Scientist will 'use every one of harmful words' academics want rid of

Scientist Richard Dawkins says he will ‘use every one of the harmful words’ like ‘blind, gender and fitness’ that academics want phased out because they are ‘harmful’

  • The scientist, 81, has slammed article written by three academics yesterday
  • Article calls for words such as male, female, man and woman to be scrapped

Acclaimed British biologist Richard Dawkins says he will continue to use ‘every one of the prohibited words’ amid calls in the scientific community to ban ‘harmful’ gendered terms.

The British author and scientist, 81, has slammed a project led by three academics saying words such as male, female, man, woman, mother and father should be scrapped.

As part of a crackdown on ‘harmful terminology’ in science, members of the Ecology and Evolutionary Biology (EEB) Language Project – founded by scientists in the US and Canada – yesterday published a list of 24 ‘harmful terms’.

Instead, they recommend terms such as ‘sperm-producing’ and ‘egg-producing’ or ‘XY/XX individual’ should be used to avoid reinforcing ‘societally-imposed ideas of a sex binary’. 

But Professor Dawkins, who has long questioned whether people can choose their gender, said he would not be following the recommendations, The Telegraph reports.

The British author and scientist, 81, has slammed calls from academics for words such as male, female, man, woman, mother and father to be scrapped

Speaking to the newspaper, he said: ‘The only possible response is contemptuous ridicule. 
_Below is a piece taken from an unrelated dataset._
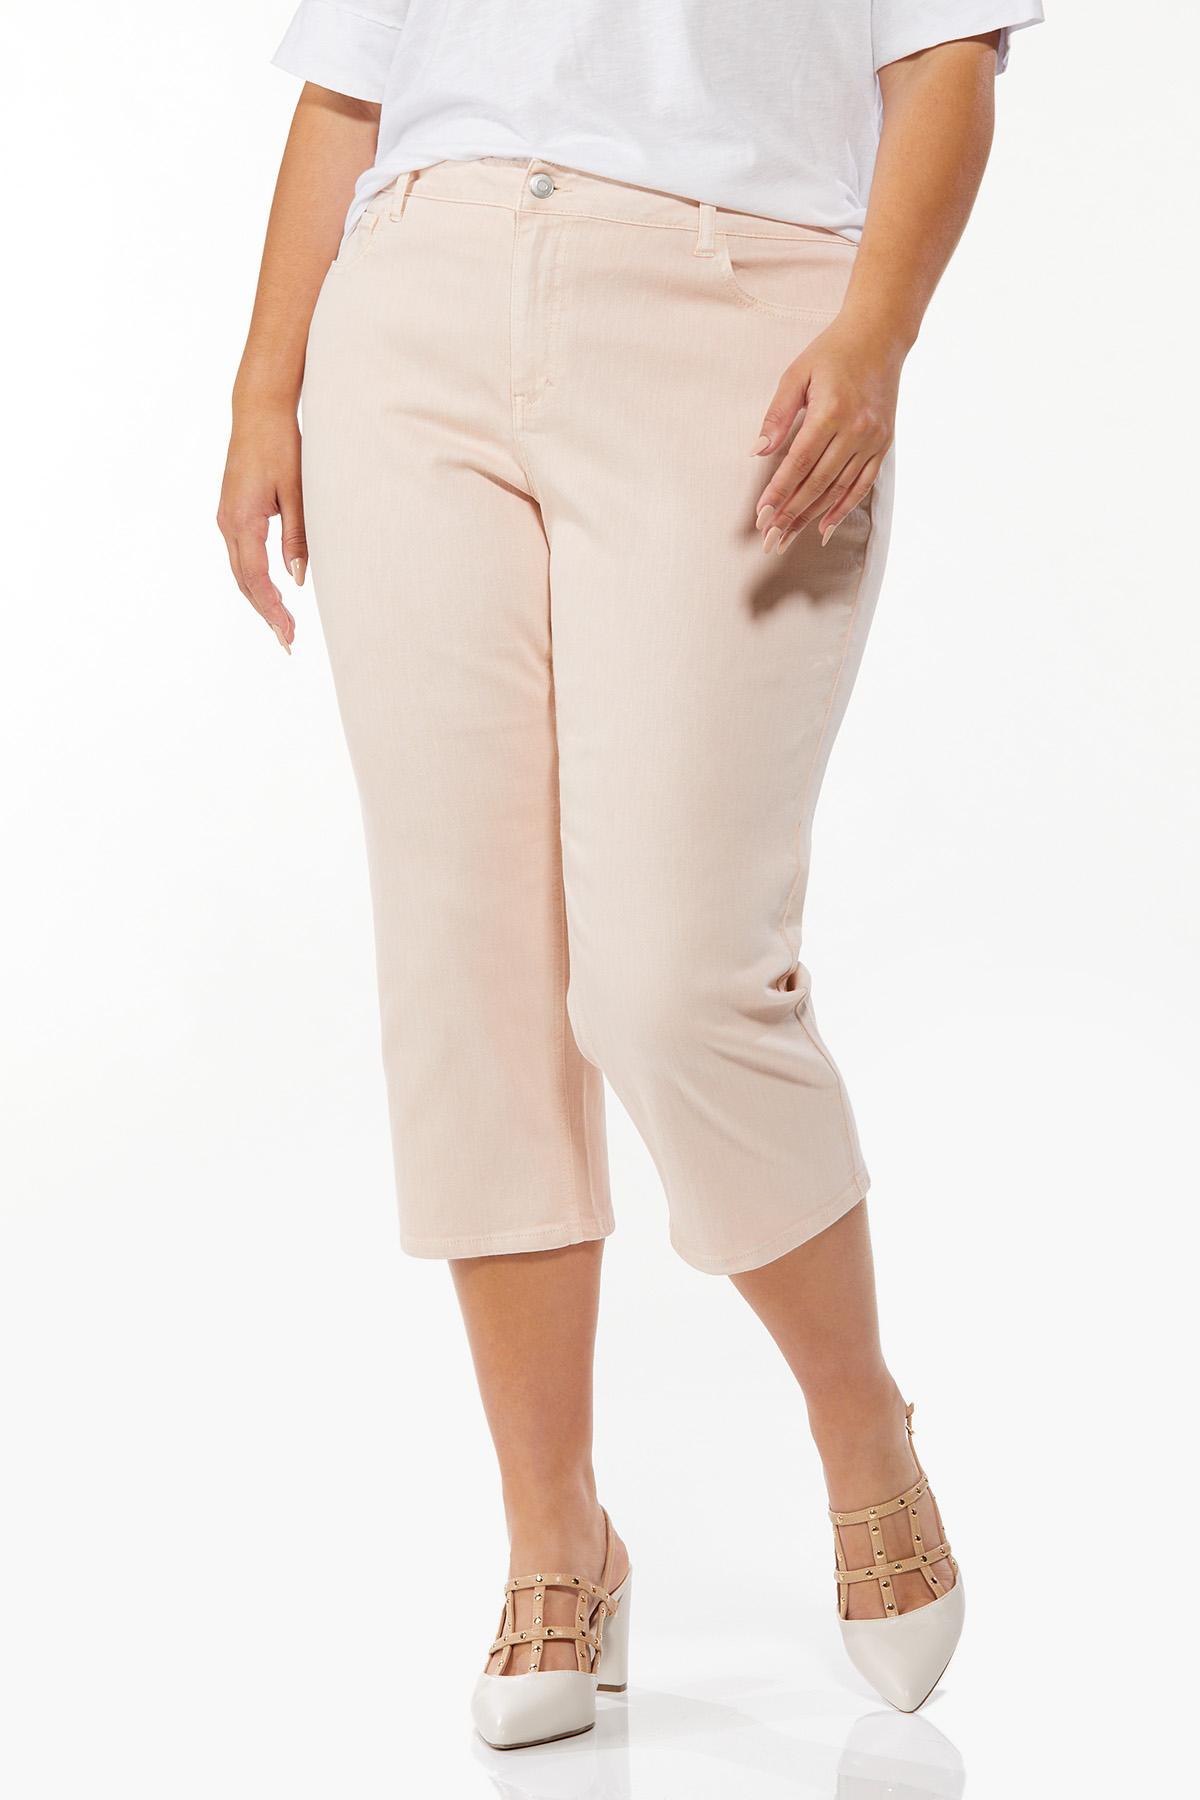 Plus Size Cropped Colored Jeans
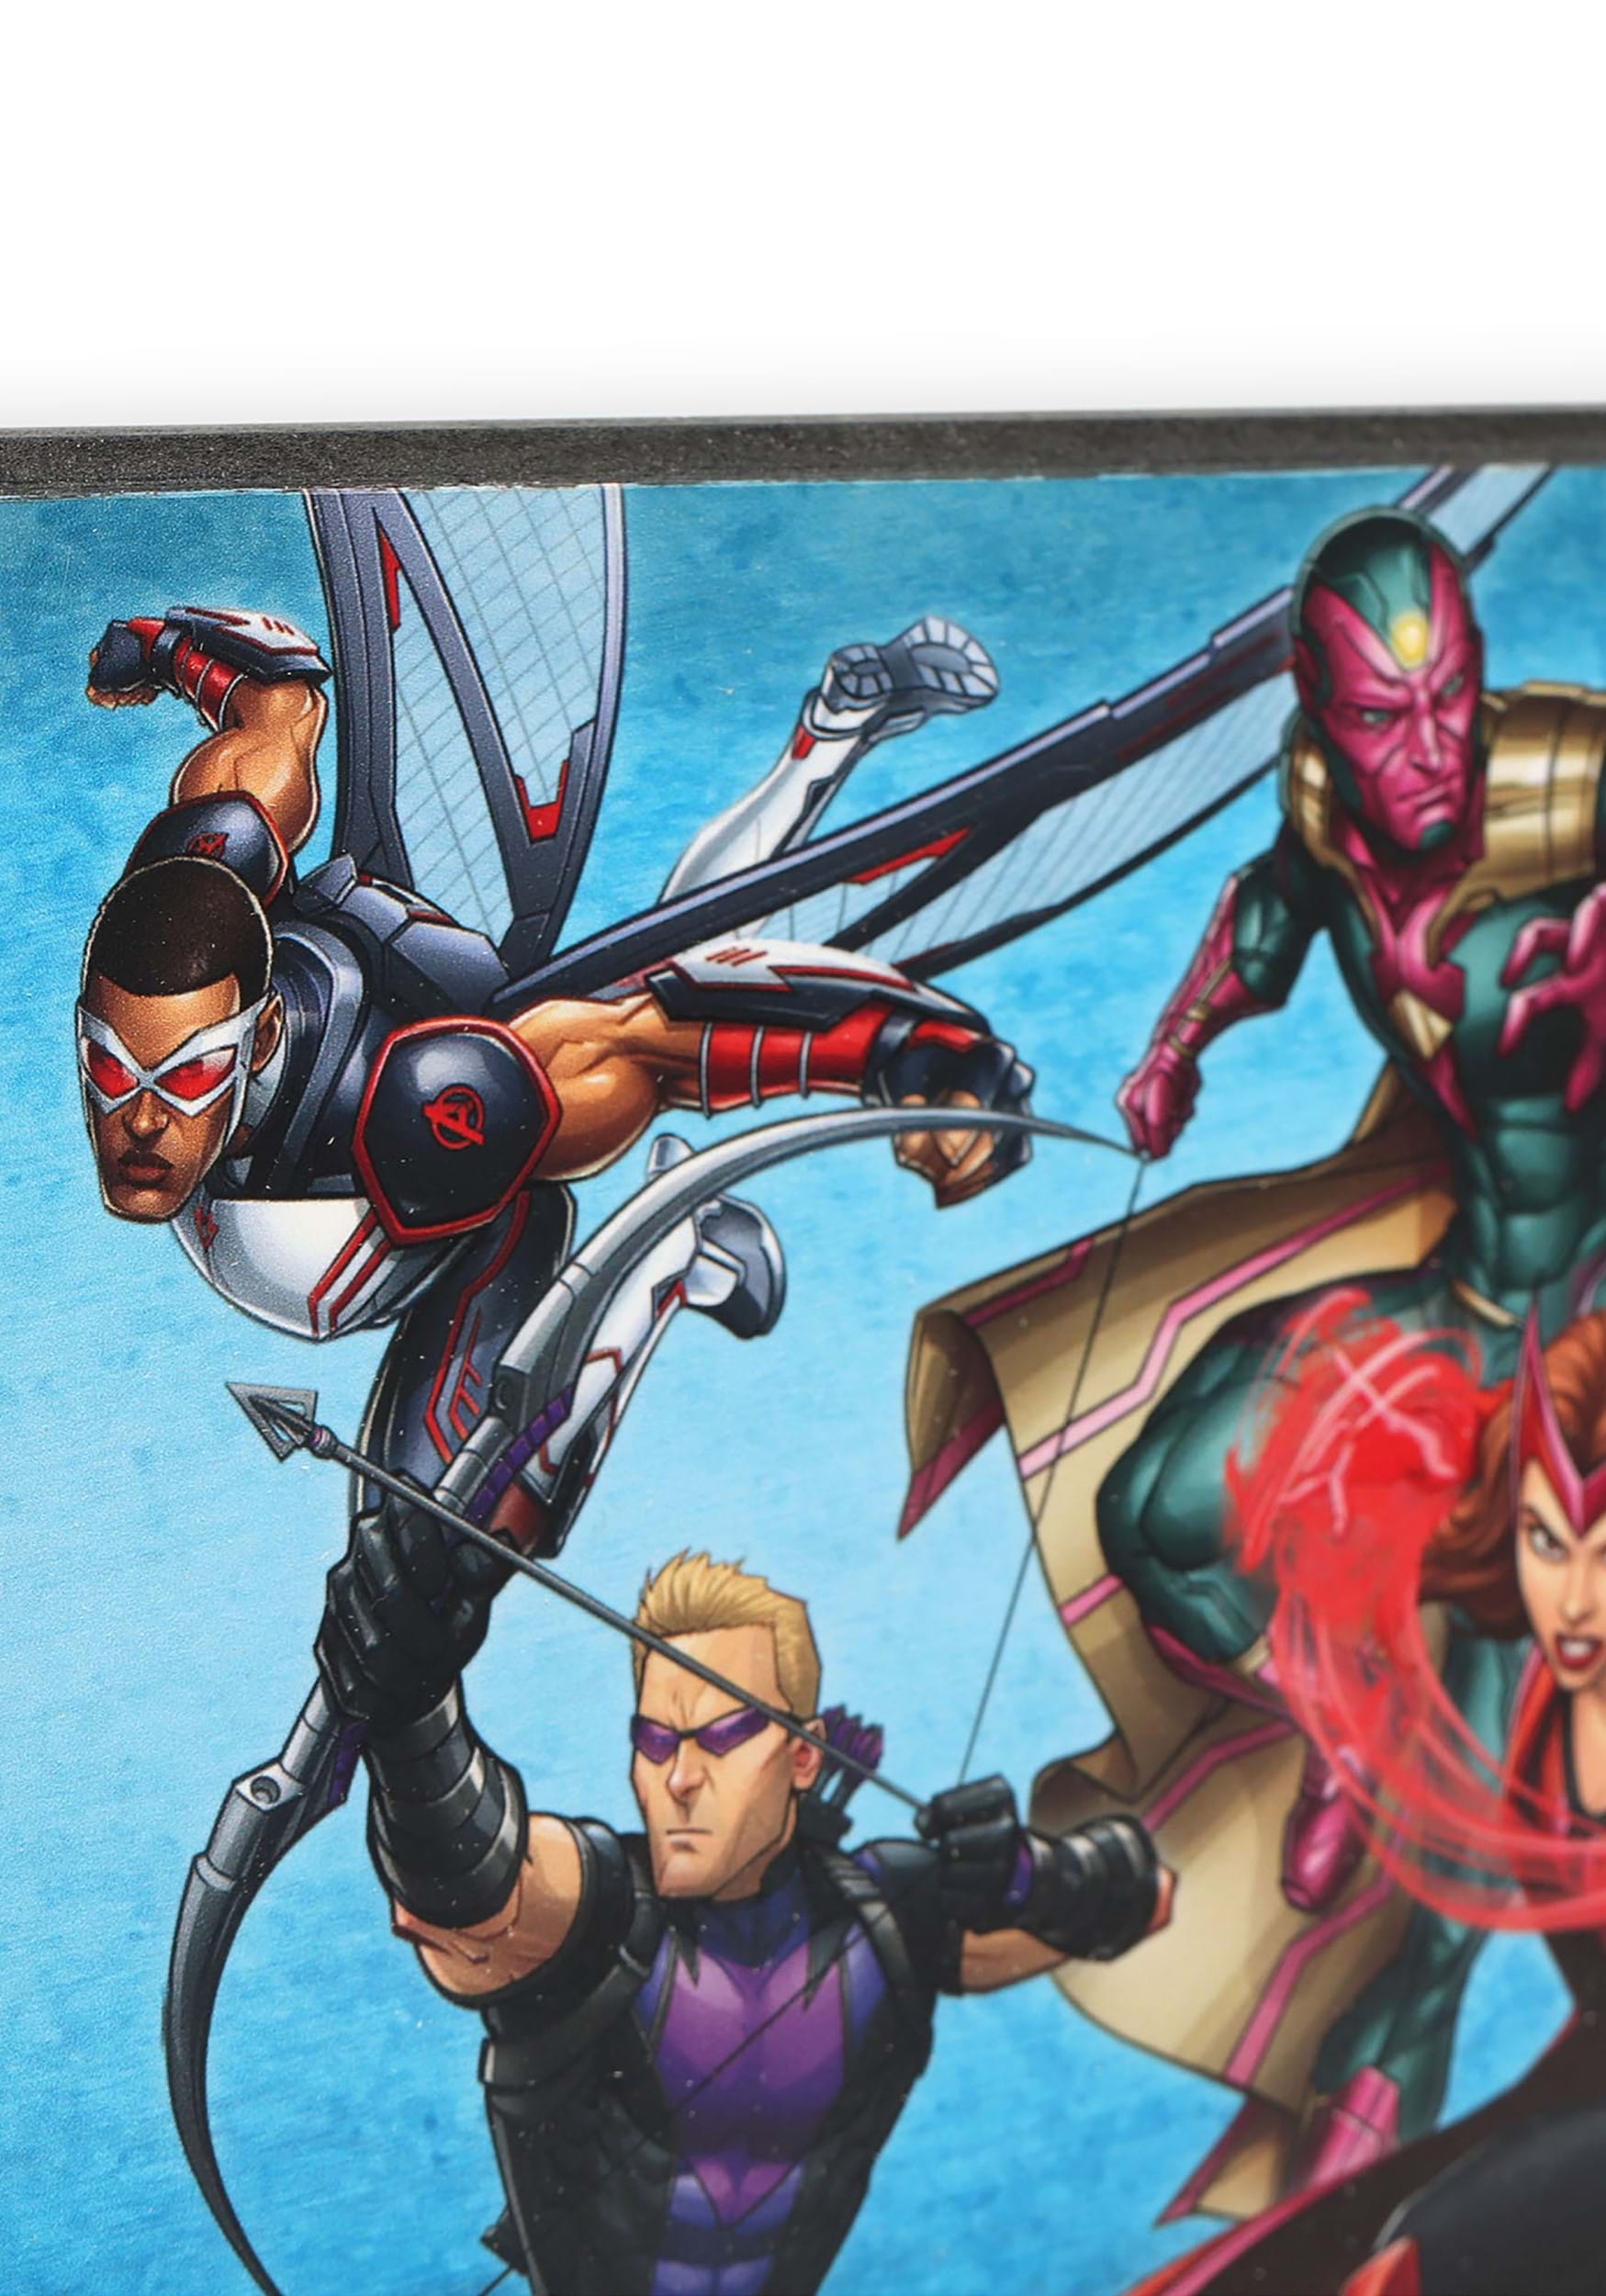 Wood Wall Decoration: Marvel Heroes Collage

‘I shall continue to use every one of the prohibited words. I am a professional user of the English language. It is my native language.

Read more: Replace female with ‘egg-producing’ and avoid using the term ‘fitness’, woke scientists say in push to get rid of ‘harmful’ phrases

‘I am not going to be told by some teenage version of Mrs Grundy which words of my native language I may or may not use.’

Prof Dawkins, whose books include The God Delusion and The Selfish Gene, has been joined by other eminent academics who have expressed concerns that the ‘absurd’ alternative phrasings could lead to confusion in the scientific community.

They argue that ‘egg producing’ and sperm producing’ are not gender-neutral, and are instead simply synonyms for male and female.

Professor Frank Furedi, an emeritus professor of sociology at the University of Kent, added: ‘I think that when you characterise terms like male/female, mother/father as harmful you are abandoning science for ideological advocacy.

‘Regardless of intent, the project of re-engineering language will cause confusion to many and the last thing that scientists need is a lack of clarity about the meaning of the words they use.’

The EEB Language Project was launched this month by a team that includes Dr Kaitlyn Gaynor, Dr Alex Moore and Dr Danielle Ignace — three University of British Columbia researchers.

It comes amid a broader push for language to be changed to be less offensive, with doctors last summer claiming the term ‘morbidly obese’ should be ditched.

Writing in the journal Trends in Ecology and Evolution, researchers said efforts to ‘champion inclusive language’ in science is ‘particularly important for redressing the ongoing marginalization of many groups’.

As well as male and female, the words mother and father are criticised for perpetuating a ‘a non-universal’ view of ‘the parenting and birthing process’.

Atheist, ethologist, evolutionary biologist, and writer Richard Dawkins talks to a full house at the Hay Festival in 2014

‘Parent’, ‘egg donor’ and ‘sperm donor’ are suggested as replacement terms.

It also flags ‘survival of the fittest’ as a problematic term that promotes ‘Eugenics, ablelism, and social Darwinism’.

Instead, ‘natural selection’ or ‘survival differences’ should be used, it states.

Even the term ‘double-blind’, which is used to describe studies where neither volunteers or scientists know which participants are taking a drug or a placebo, could be harmful to people with disabilities, the website states.

Writing in the journal, the researchers said: ‘Mitigating the institutional problems in EEB will take significant effort and resources, and examining the role of language in these problems must go beyond attention to scientific terms.

‘It must also include consideration of how language is used among scientists more broadly, and how English is often treated as the dominant language for scientific work.

‘Nevertheless, we propose that inclusion can be fostered by a collective commitment to be more conscientious and intentional about the scientific terminology we use when teaching, mentoring, collaborating, and conducting research.’

Prof Dawkins’ comments, meanwhile, come after he was stripped of his ‘Humanist of the Year’ title in April 2021 after comparing transgender people to the American activist Rachel Dolezal – who posed as a black woman for more than ten years.

 The American Humanist Association (AHA) revoked its honour from the evolutionary biologist, 80, after he appeared to question whether people could choose their gender.

The move came 25 years after the evolutionary biologist received the honour for his ‘significant contributions’ as a science communicator.